# GIVEN MATERIAL:

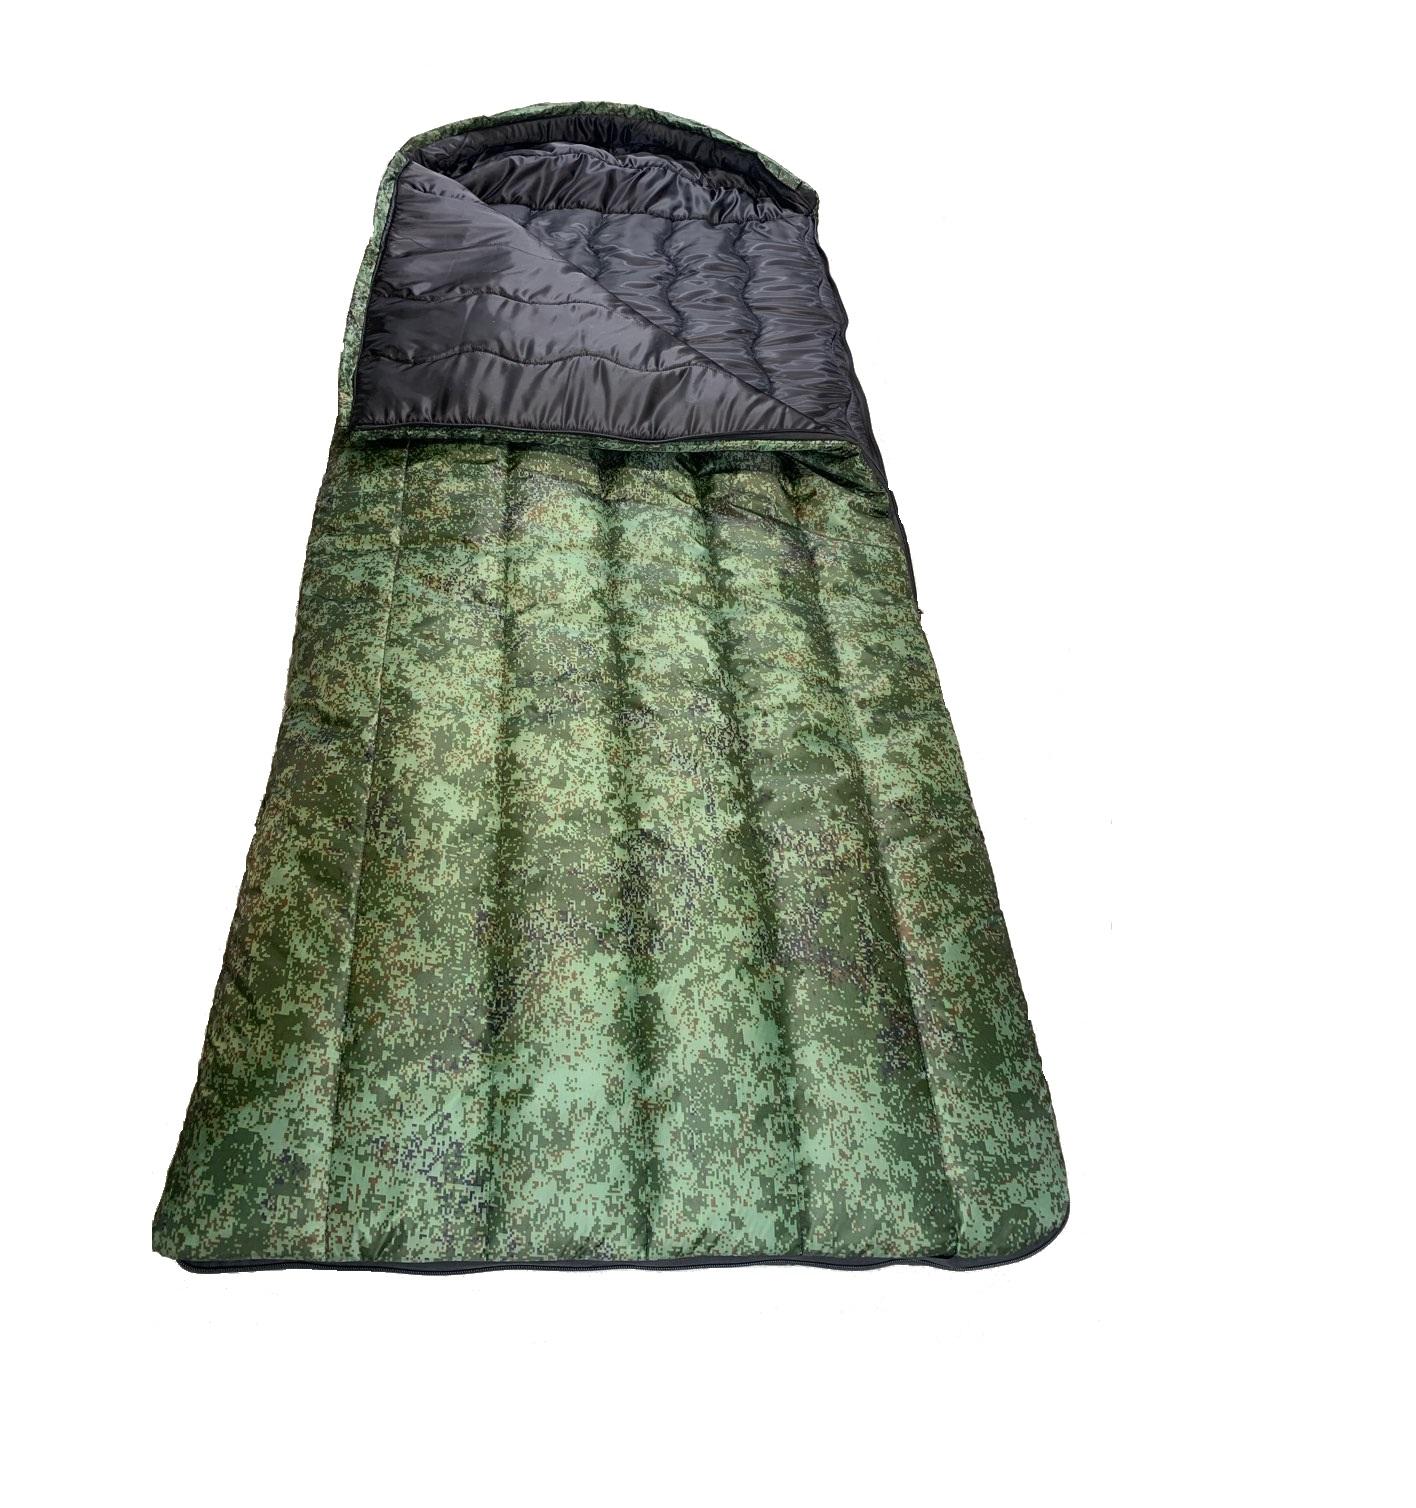 Улучшенный теплый зимний спальный мешок размером 220x70 утепленный синтепоном плотностью 200г/м2.. Можно использовать в качестве неуставного армейского спальника.
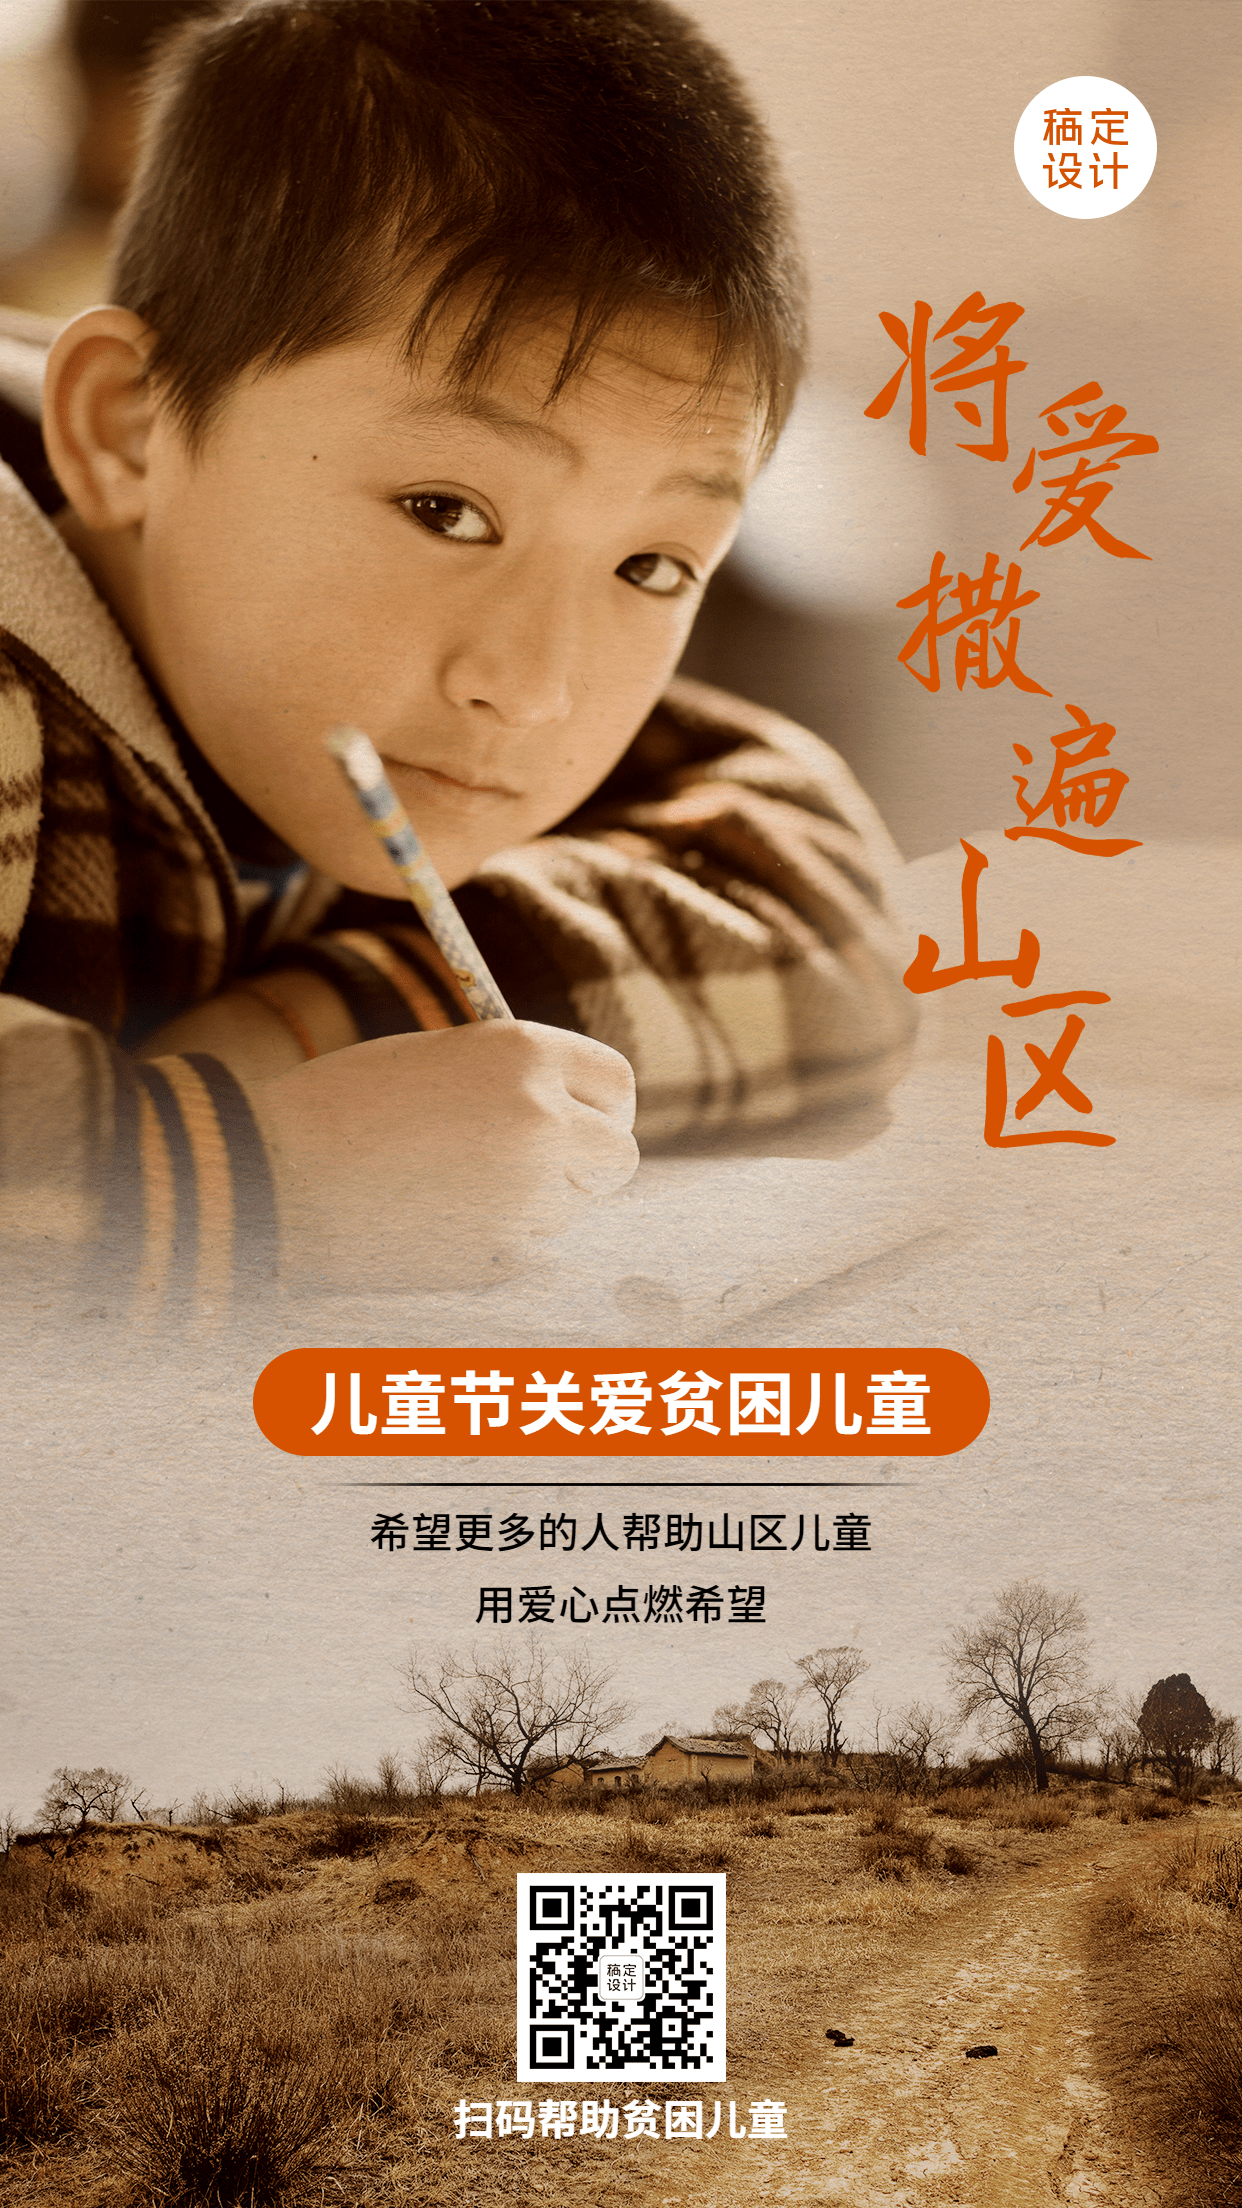 六一儿童节关爱山区贫困儿童公益宣传海报预览效果
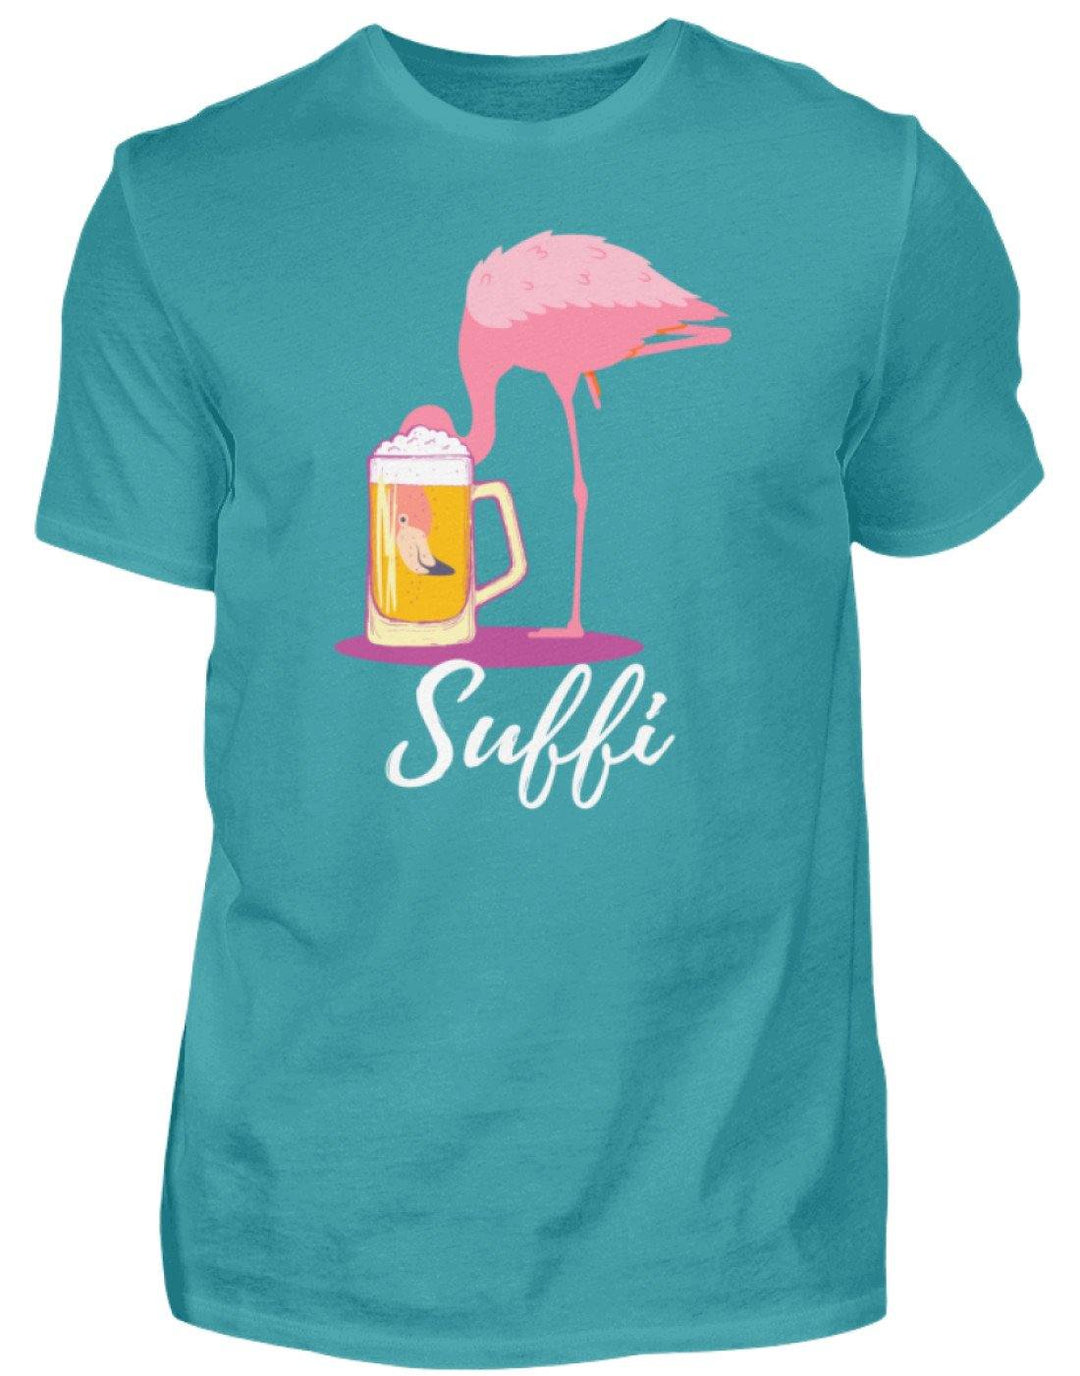 Flamingo Suffi - Words on Shirt  - Herren Shirt - Words on Shirts Sag es mit dem Mittelfinger Shirts Hoodies Sweatshirt Taschen Gymsack Spruch Sprüche Statement
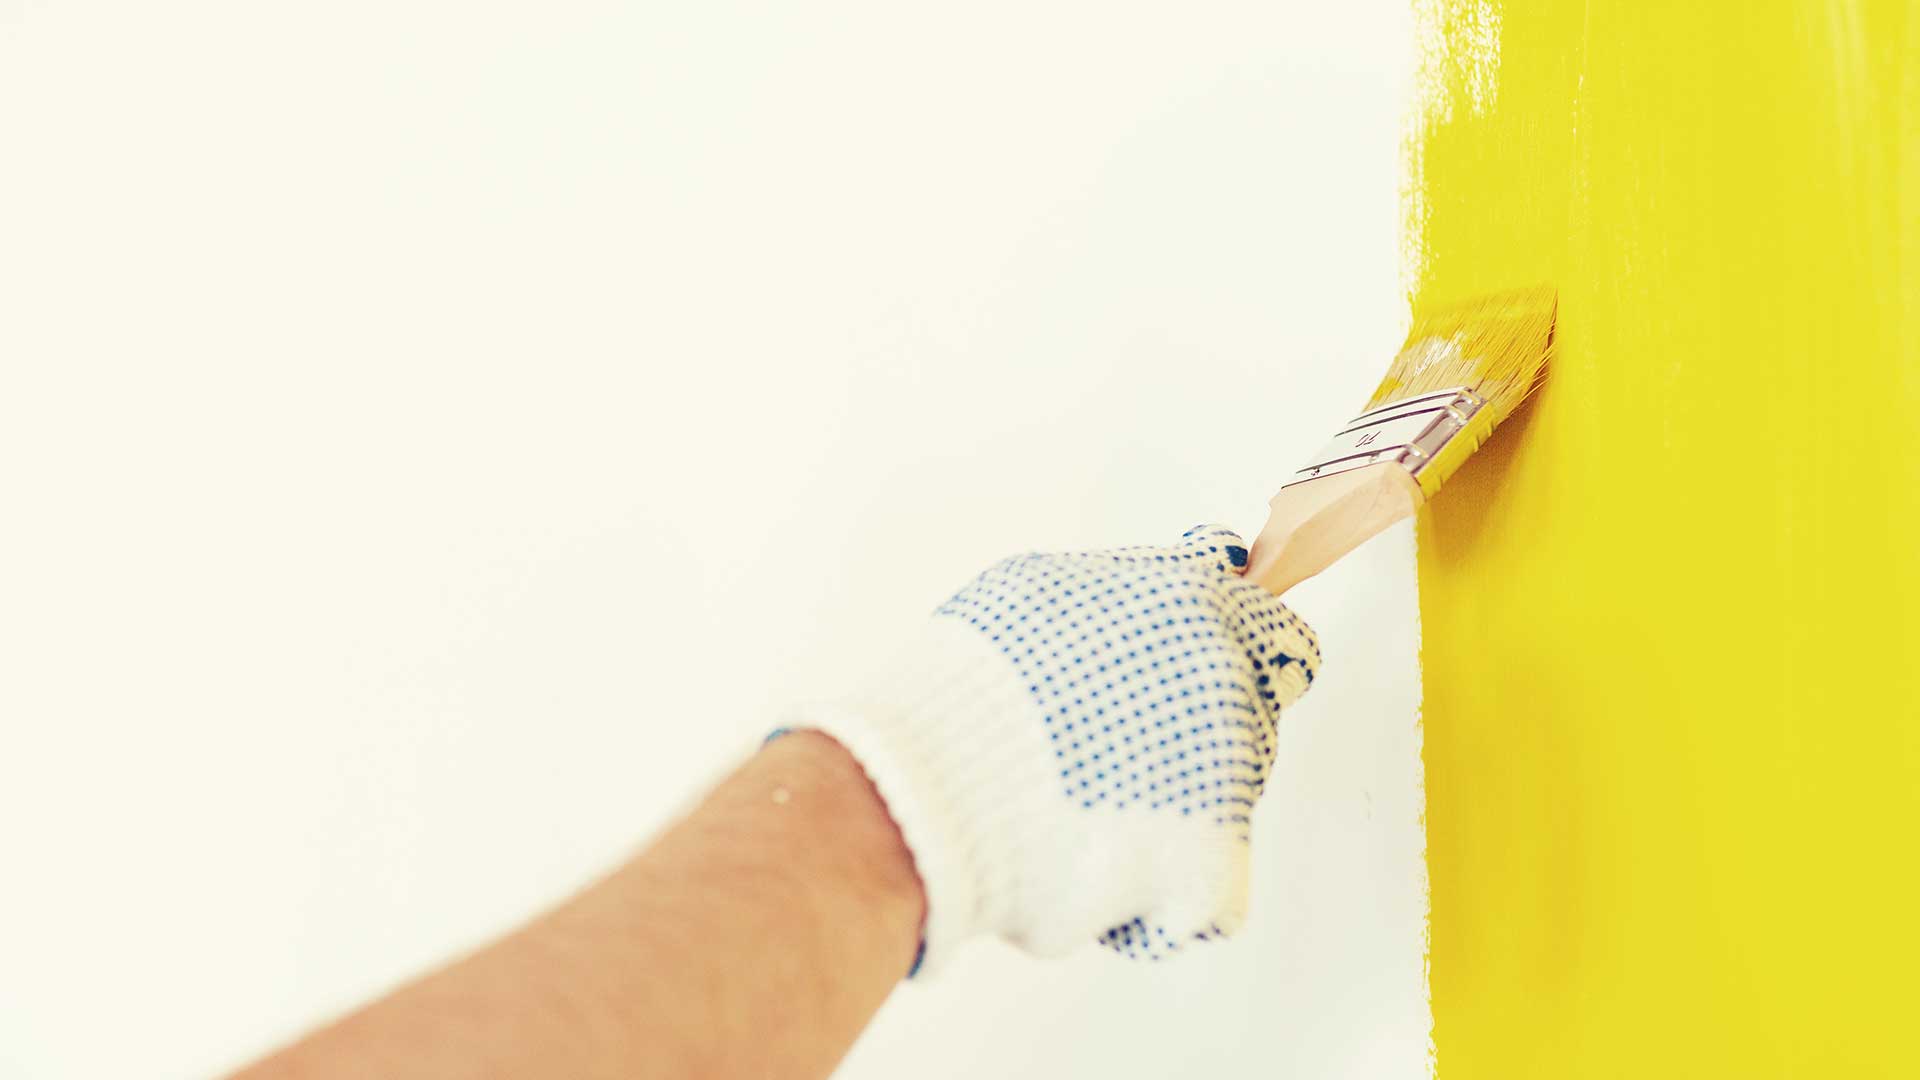 specjalista maluje ściany małym pędzlem na żółto -  w 2021

# WHAT YOU ARE ASKED TO DO:
From the line that holds "Flamingo Suffi - Words" to the last line of the data, return those lines exactly and nothing else; both ends count, and pictures stay out.

# ANSWER SPACE:
 Flamingo Suffi - Words on Shirt  - Herren Shirt - Words on Shirts Sag es mit dem Mittelfinger Shirts Hoodies Sweatshirt Taschen Gymsack Spruch Sprüche Statement
 specjalista maluje ściany małym pędzlem na żółto -  w 2021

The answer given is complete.